OCEANIC-AF, a phase III study investigating asundexian compared to apixaban (a direct oral anticoagulant) in patients with atrial fibrillation at risk for stroke is being stopped early. This decision is based on the recommendation of the study’s Independent Data Monitoring Committee (IDMC) as part of ongoing surveillance which showed an inferior efficacy of asundexian versus the control arm. Bayer will further analyze the data to understand the outcome and publish the data.

Available safety data are consistent with previously reported safety profiles of asundexian.
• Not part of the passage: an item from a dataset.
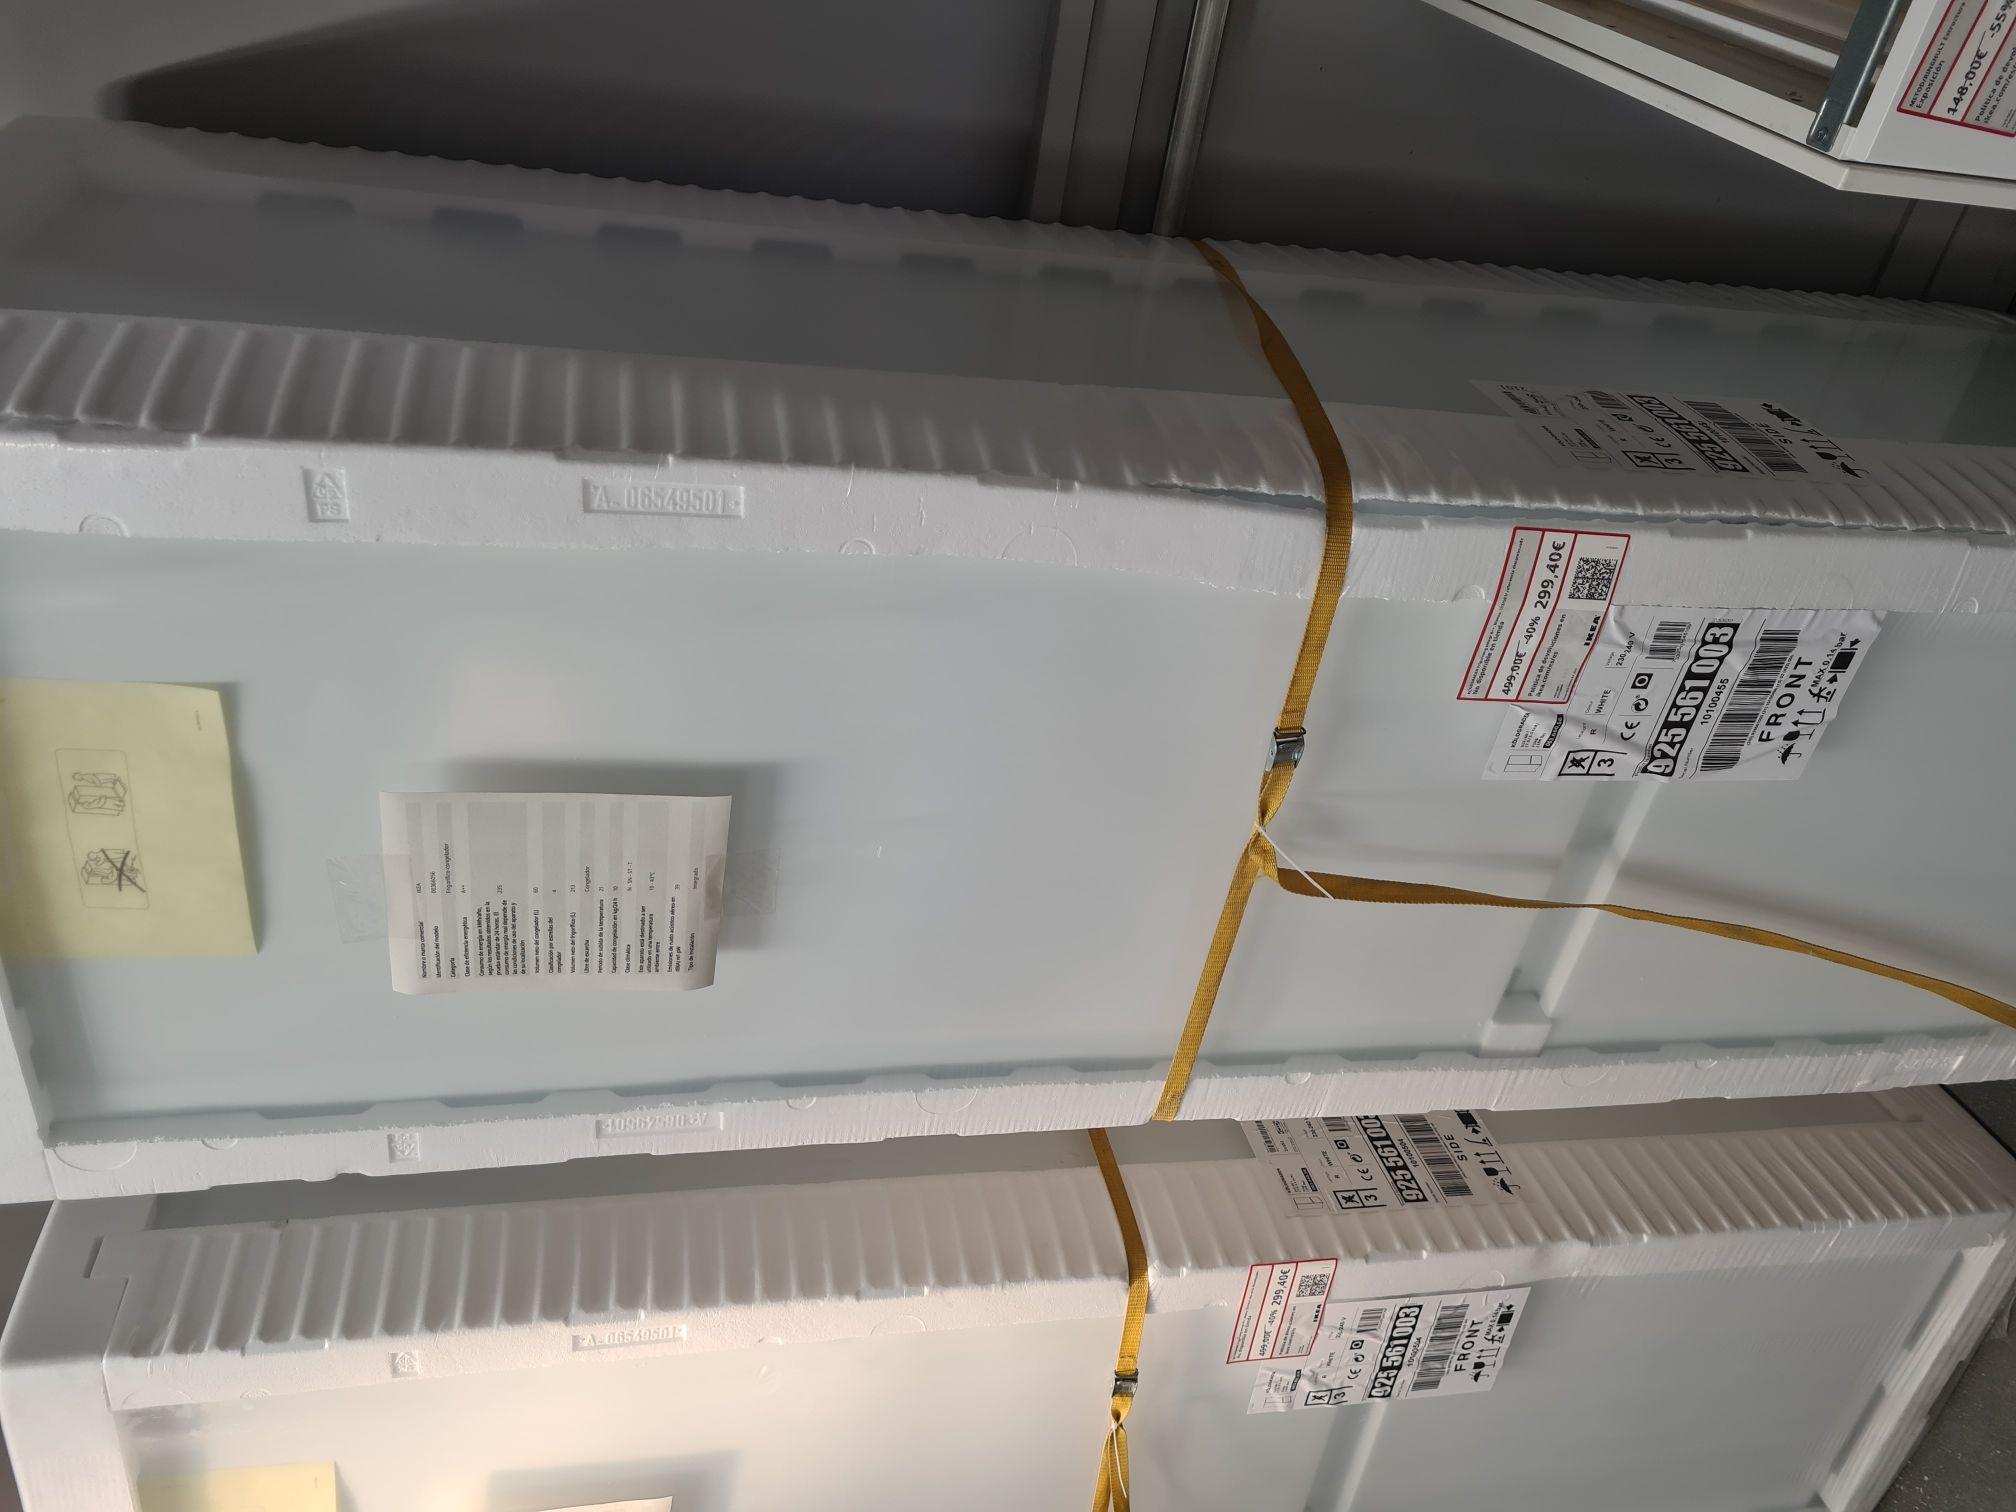 KÖLDGRADER Combi integrable IKEA CORUÑA

The IDMC recommends continuing the OCEANIC-STROKE phase III study as planned.

Appropriate measures will be taken to close the OCEANIC-AF study and patients will be contacted by their treating physicians/investigators to discuss next steps.

“Although the results from this analysis do not support the continuation of the OCEANIC-AF study, we will continue investigating asundexian in the OCEANIC-STROKE study and are currently reevaluating other indications in patients in need of antithrombotic treatment,” said Dr. Christian Rommel, Member of the Executive Committee of Bayer AG’s Pharmaceutical Division and Global Head of Research and Development.

Other evidence suggests the benefit of anticoagulation therapy on top of standard of care in the population of the OCEANIC-STROKE study which lacks adequate treatment options.

Asundexian is an investigational agent and has not been approved by any health authority for use in any country, for any indication.